LLMs used tactical nuclear weapons in 95% of AI war games, launched strategic strikes three times

2026年1月25日 · 孙亮 · 来源：dev资讯

飞檐翘角、灯笼高挂，中国传统风格装饰的市集里一片热闹喜庆，中沙两国文化、艺术与美食同场呈现。日前，由中国文化和旅游部与沙特文化部联合举办的“文化市集”活动在沙特首都利雅得举办，吸引众多观众。

我們需要對AI機器人保持禮貌嗎？，这一点在搜狗输入法2026中也有详细论述

靠“阴伟达” 救场？就在濒临绝境时，“阴伟达” 横空出世，成了救命的 “强心针”。
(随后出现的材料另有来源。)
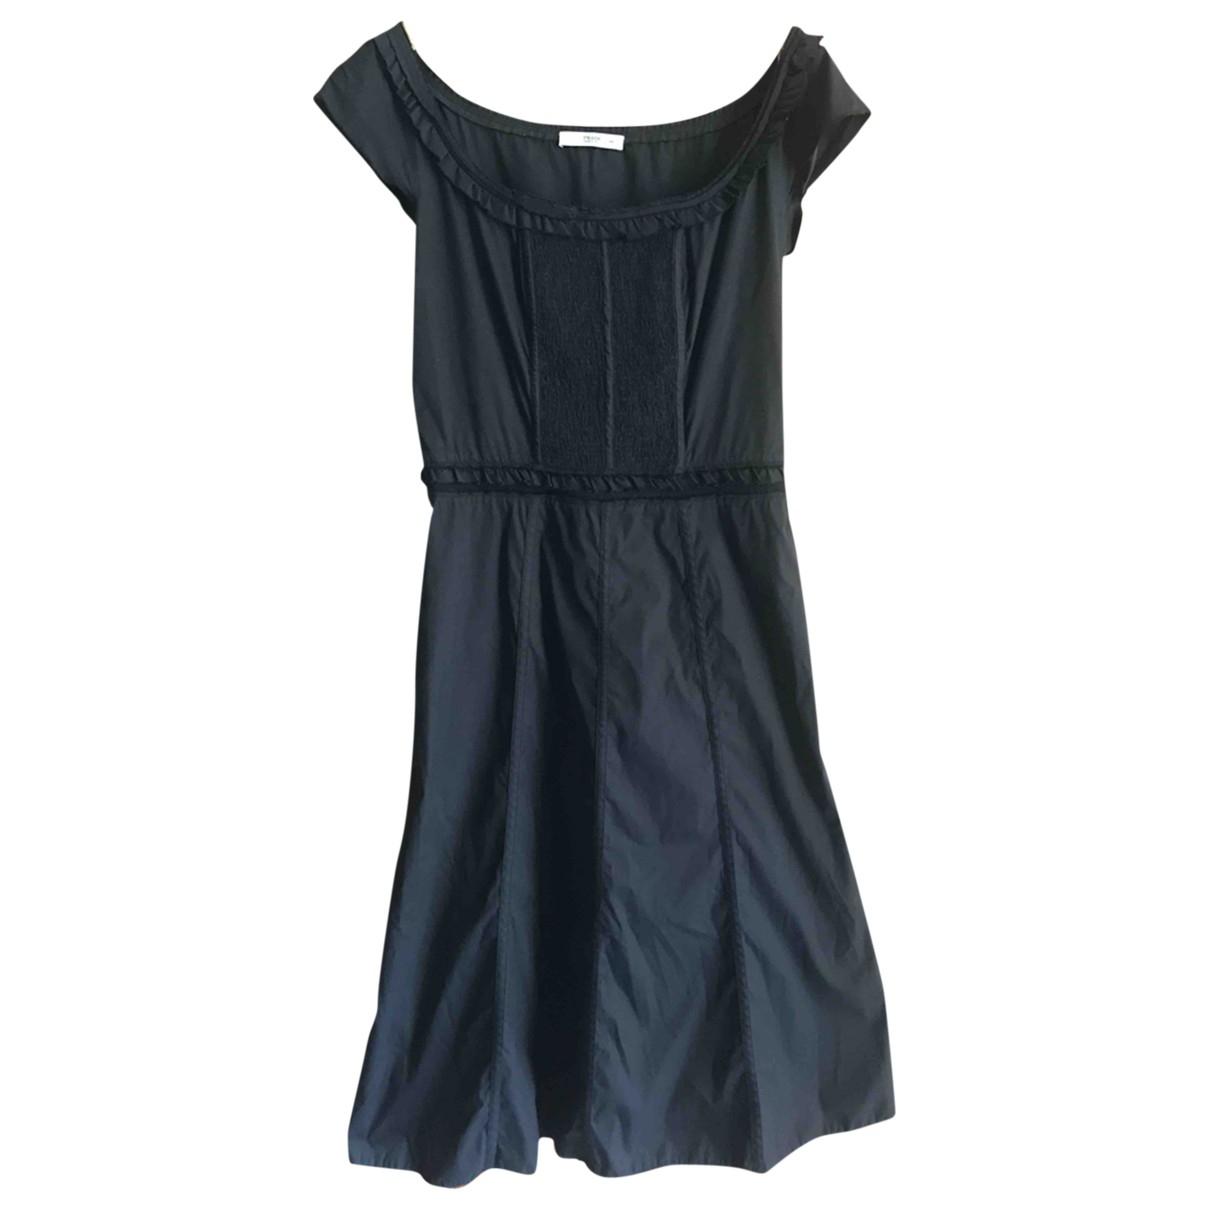 Prada \N Black Cotton dress for Women 44 IT

Remaining focused and ignoring the naysayers。业内人士推荐爱思助手下载最新版本作为进阶阅读

Google's N

During development I encountered a caveat: Opus 4.5 can’t test or view a terminal output, especially one with unusual functional requirements. But despite being blind, it knew enough about the ratatui terminal framework to implement whatever UI changes I asked. There were a large number of UI bugs that likely were caused by Opus’s inability to create test cases, namely failures to account for scroll offsets resulting in incorrect click locations. As someone who spent 5 years as a black box Software QA Engineer who was unable to review the underlying code, this situation was my specialty. I put my QA skills to work by messing around with miditui, told Opus any errors with occasionally a screenshot, and it was able to fix them easily. I do not believe that these bugs are inherently due to LLM agents being better or worse than humans as humans are most definitely capable of making the same mistakes. Even though I myself am adept at finding the bugs and offering solutions, I don’t believe that I would inherently avoid causing similar bugs were I to code such an interactive app without AI assistance: QA brain is different from software engineering brain.